Ray’s Take: There was a time when you worked your entire career at one company and retired with a pension and a gold watch after 40 or so years of service. But, like so many things, that picture has changed over the years. Job hopping – once a red flag on your resume – is now the norm.
In the short term changing jobs can be a winning proposition. It’s a quicker way to move up the ladder and often offers quick cash incentives. Changing jobs can work in your favor. But before you jump on the opportunity, stop and do the math on some important factors that may impact you negatively down the line.
The first thing to assess is how long have you been at your current company. Some companies require you to work for them for a specific period of time before you can contribute to a 401(k). And once you’ve hit that number of years, many require you to remain for a specific number of years, usually five, in order to keep any company matching contributions. Are you losing retirement savings money by making the change to another employer? Review other benefits as well. Health insurance, life insurance, disability insurance, HSA’s all cost money. Some companies short on those “boring” details in order to “fluff up” that salary number.
According to the Bureau of Labor Statistics, workers currently stay at a job for 4.4 years. So if you’re at any company that requires five years to keep your company matching funds, the odds are that you will never see that money. That can really add up over time. If you do leap, be sure to move your retirement account with you.

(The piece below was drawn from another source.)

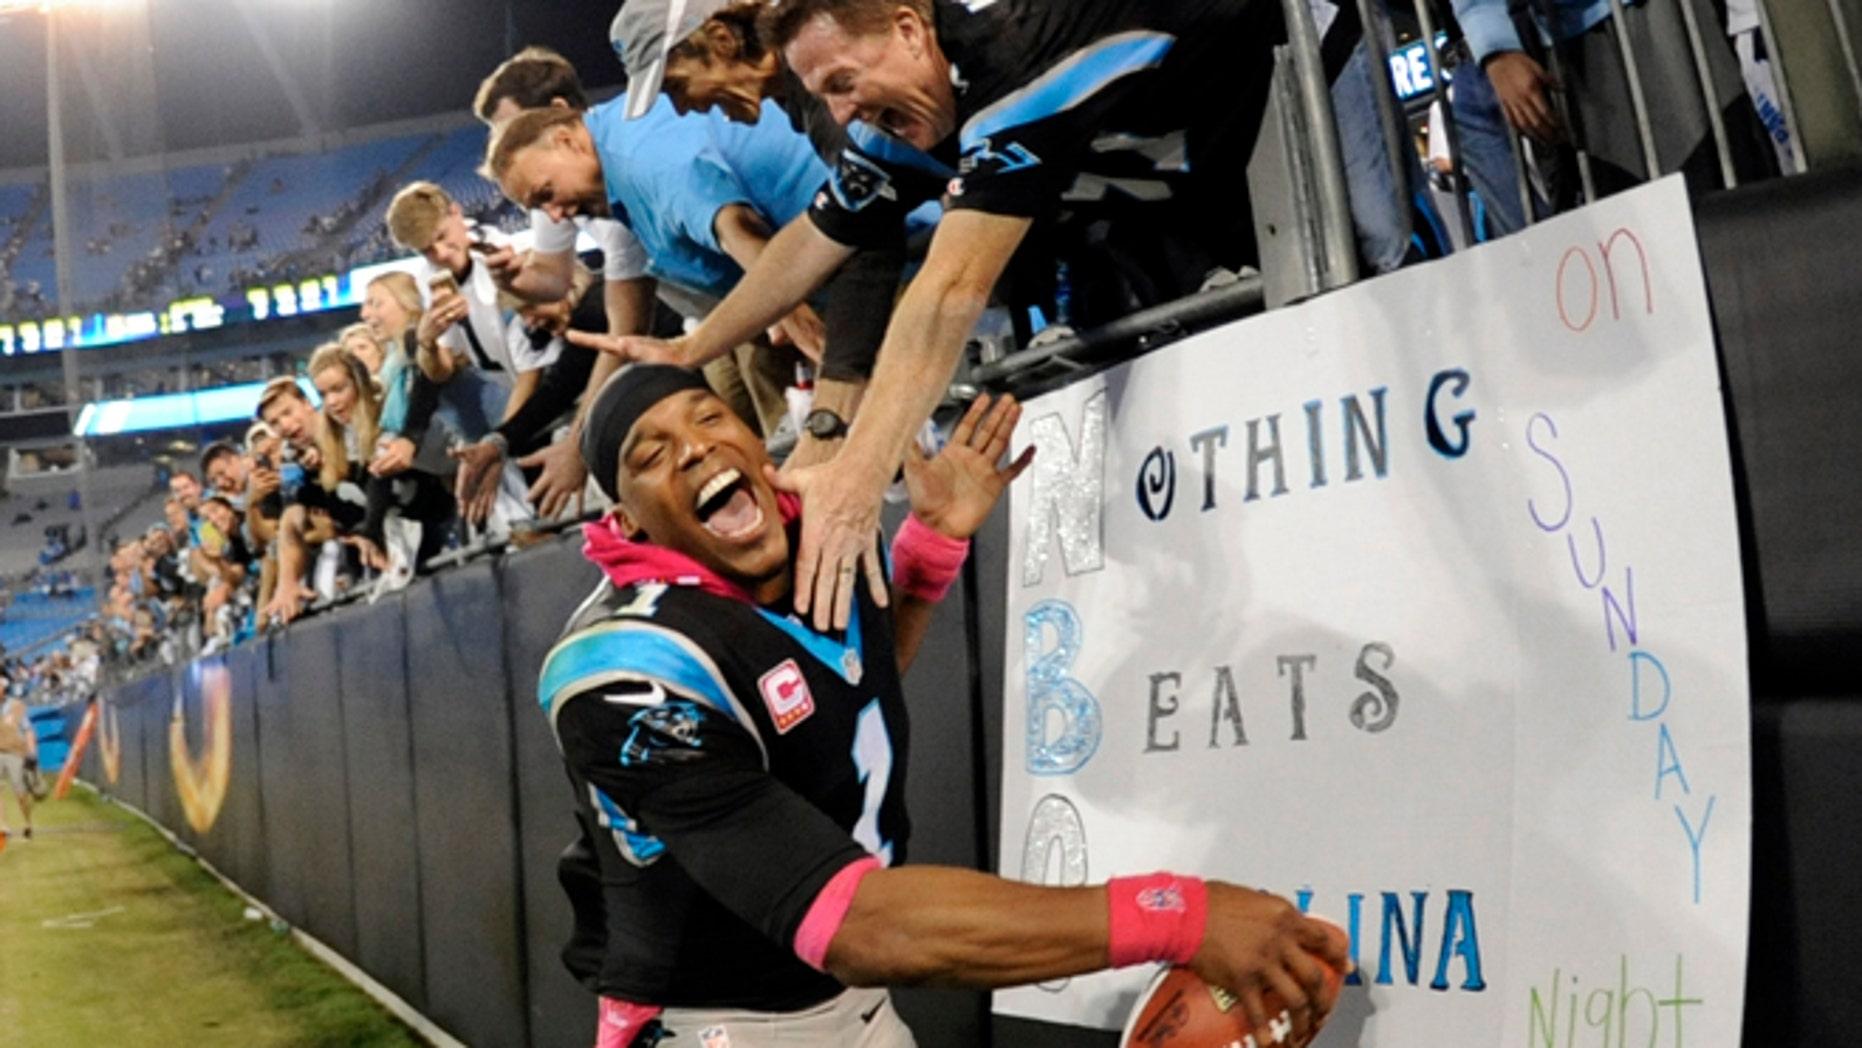 Carolina Panthers' Cam Newtonin Charlotte, N.C., Sunday, Oct. 25, 2015. The Panthers won 27-16.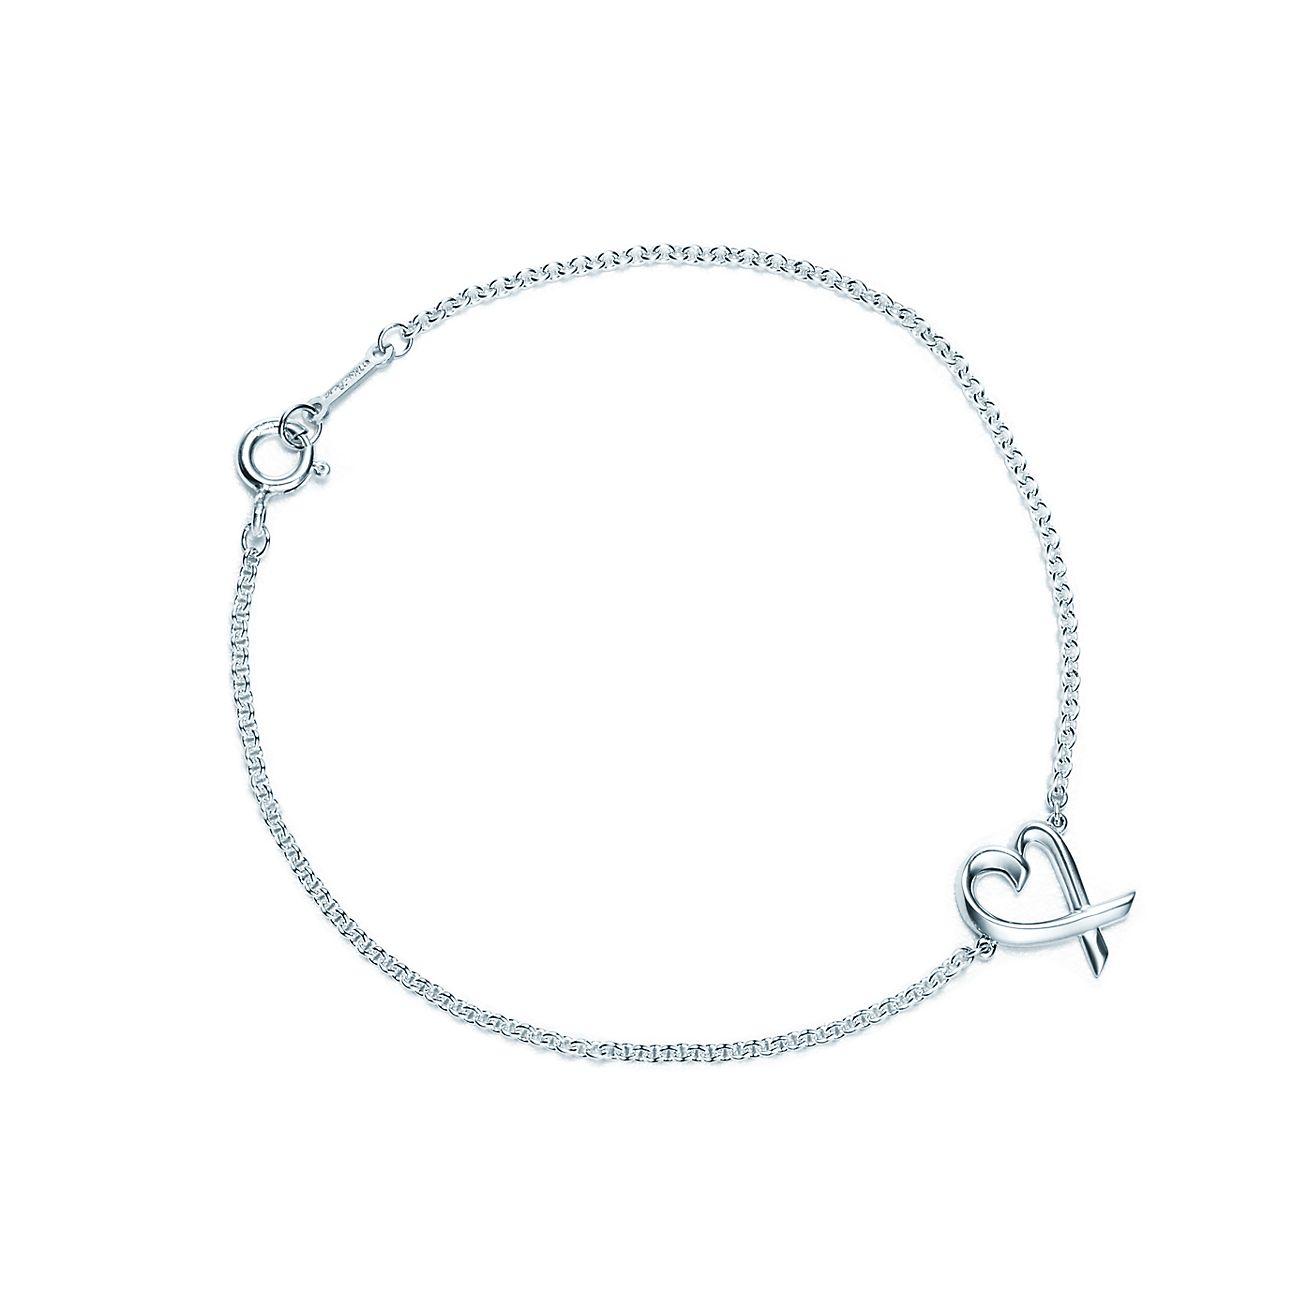 Tiffany Heart Bracelet >> Paloma Picasso Loving Heart Bracelet In Sterling Silver Medium

There are alternatives to company sponsored 401(k) plans to start putting money aside for your independence. It’s important to create a retirement saving plan early and stick to it. The earlier you start, the better off you will be once you close in on retirement. It’s hard to make up money lost by not saving early. And even harder to be old and broke.
Dana’s Take: Young people entering the job market now have never seen the 40-years-and-a-gold-watch retirement plan. For most of them, their experience with the working world is watching their parents struggle with being downsized. So it’s really no surprise that they have a different mindset toward employment than previous generations.
That experience created a sense that companies are not loyal to their employees. And so, why should the employee be loyal to the company in this new world view. It’s become kind of a chicken and the egg conundrum. Which came first?
Whether working in the gig economy or for a lifetime employer, saving for the future is something that never changes, and being smart about it won’t go out of style.